Il est aujourd’hui possible de répartir les pays arabes en cinq catégories, selon l’ampleur du soulèvement, et la réponse des autorités. Etat des lieux d’un monde arabe qui n’évolue pas à la même vitesse ni nécessairement dans la même direction, mais qui s’est incontestablement remis en mouvement.
– 1. Les révolutions réussies
– 2. La révolution violente
– 3. Les soulèvements réprimés
– 4. Les pays hésitants
– 5. Les pays au calme trompeur
Les révolutions réussies
La couverture du numéro 8 de Rue89 Le MensuelLa Tunisie, la première, a renversé son dictateur, Zine Ben Ali, le 14 janvier, aussitôt suivie par l’Egypte, qui a chassé Hosni Moubarak le 11 février.
Depuis, ces deux pays vivent au rythme agité des périodes de transition, en tentant de faire émerger de nouvelles institutions démocratiques et légitimes, une société civile, des médias libres (voir à ce sujet le dernier numéro de Rue89 Le Mensuel dont la couverture est consacrée à la « Génération révolution »).
Dans les deux pays, la rue n’a pas cessé de s’exprimer, parfois de manière contradictoire, une fois le tyran parti.
Les révolutionnaires ont poursuivi leur action contre les tenants de l’ancien régime qui tentaient de s’accrocher, obtenant, tant en Tunisie qu’en Egypte, le départ du Premier ministre hérité du passé, des premières mesures contre les polices politiques, un début de renouvellement des responsables.
En Tunisie, le parti de l’ancien Président a également été dissout, provoquant une liesse populaire intense.
Ils sont également engagés dans des processus de construction de nouvelles institutions : les Tunisiens voteront ainsi le 24 juillet pour l’élection d’une Assemblée constituante, premier pas vers l’élaboration d’une nouvelle constitution démocratique.
En Egypte, les candidats commencent à se faire connaître en vue d’une échéance électorale encore indéfinie : Mohammed El-Baradei, le prix Nobel de la paix, ex patron de l’AIEA, s’est ainsi d’ores et déjà porté candidat.
Cette évolution n’est pas un fleuve tranquille : la Tunisie a connu de nouvelles violences urbaines début mars, qui ont fait redouter une tentative de déstabilisation de la jeune révolution.
Et l’Egypte connaît également ses soubresauts, avec des violences autour de la place Tahrir, contre les femmes ou contre des manifestants pro-démocratie, ou encore dans de nouveaux affrontements entre communautés copte et musulmane faisant plusieurs morts.
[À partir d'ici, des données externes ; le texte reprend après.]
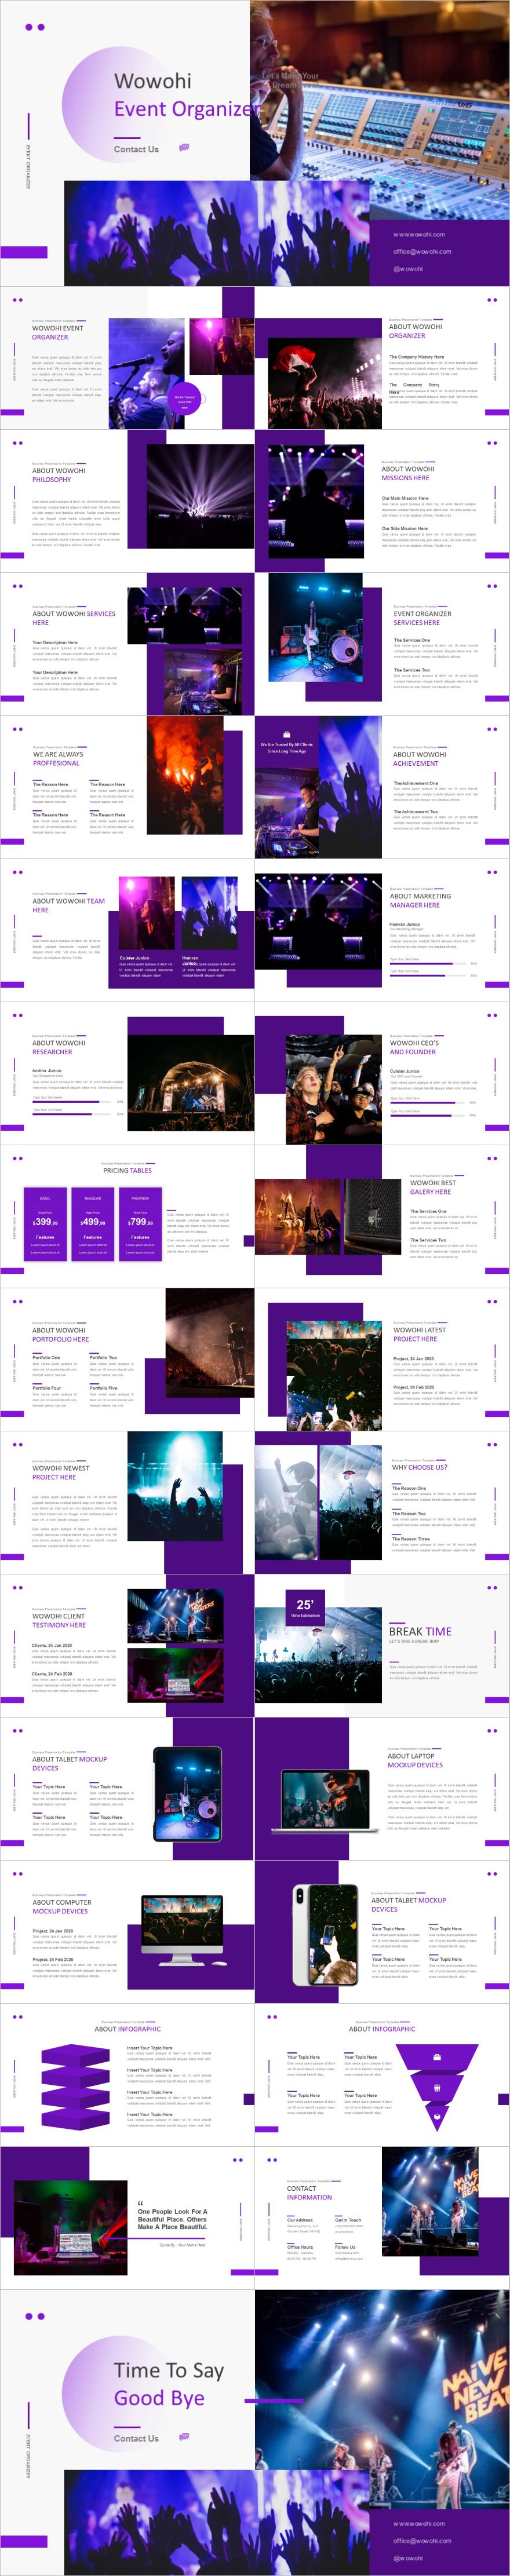 紫色杂志风音乐活动介绍PPT模板下载

Mais aussi des scènes impensables il y a encore quelques semaines, comme cet assaut populaire du bâtiment de la Sécurité d’Etat, véritable « Stasi égyptienne » où étaient stockées les fiches individuelles des Egyptiens (Voir la vidéo)
Ces deux processus se déroulent sous le regard vigilant et actif de l’armée qui, dans les deux cas, reste au cœur d’une transformation restant, après quelques semaines mouvementées, porteuse d’espoir.
La révolution violente
La Libye a basculé dans la violence et l’horreur. Le soulèvement d’une partie de la population, dans la foulée de la Tunisie et de l’Egypte, s’est heurté à la répression violente du régime de Mouammar Kadhafi qui a promis des « rivières de sang » à ceux qui voudraient le renverser.
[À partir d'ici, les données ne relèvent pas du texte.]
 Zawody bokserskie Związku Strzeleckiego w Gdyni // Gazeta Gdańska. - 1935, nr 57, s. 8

Très rapidement, l’Est de la Libye s’est libéré du joug du régime de la Jamahiriya de Kadhafi, et de nouvelles autorités révolutionnaires ont été mises en place à Benghazi, la grande métropole de l’Est.
Mais à Tripoli et dans une partie de l’Ouest, Kadhafi et ses partisans ont organisé la résistance et le contre-attaque, utilisant l’aviation et les blindés contre les insurgés, armés eux-aussi avec ce qu’ils ont récupéré sur les forces gouvernementales passées de leur côté. Ces derniers jours, les forces loyales à Kadhafi, mieux armées et mieux organisées, ont commencé à regagner une partie du terrain perdu à l’Est. (Voir ce reportage de BFM-TV).
Le développement d’une véritable guerre civile en Libye change totalement le scénario des révolutions largement pacifiques de Tunisie et d’Egypte, dans lesquelles, de surcroît, les armées nationales et républicaines ont pris le partie du peuple au moment décisif.
La Libye place en outre les Occidentaux dans une situation inédite, puisqu’ils sont invités par les insurgés à s’impliquer, y compris militairement, dans ce conflit interne, tandis que Kadhafi, après avoir dénoncé Al Qaeda, s’en prend maintenant à un « complot occidental » pour faire main basse sur son pétrole.
Nicolas Sarkozy s’est illustré dans ce dossier en reconnaissant, le premier, les nouvelles autorités de la Libye libérée, mais dans des conditions qui ont suscité confusion et discrédit, sans même prévenir son ministre des Affaires étrangères Alain Juppé ou ses alliés européens.
Quoi qu’il advienne, que Kadhafi soit chassé du pouvoir, qu’il réinstalle son autorité, ou encore que la Libye soit durablement divisée en deux, le « cas libyen » est pour l’instant à part dans la vague révolutionnaire arabe et semble plus proche du chaos que de la démocratie libérale.
Les soulèvements réprimés
A Bahrein ou au Yémen, des manifestations de masse ont eu lieu pendant des jours, mais se sont heurtées à la répression des régimes en place, au prix de dizaines de morts et blessés, sans pour autant dégénérer en guerre civile comme en Libye.
Dans chacun de ces deux Etats, le contexte politique et social a fortement joué pour empêcher ce mouvement de prendre de l’ampleur et de l’emporter face à des pouvoirs déterminés.
A Bahrein, pendant des jours, les protestataires, principalement chiites comme la majorité de la population, ont tenté de récidiver le précédent de la place Tahrir du Caire. Les manifestants occupent depuis trois semaines la place de la Perle, devenue l’épicentre de la protestation, destinée à obtenir une monarchie constitutionnelle.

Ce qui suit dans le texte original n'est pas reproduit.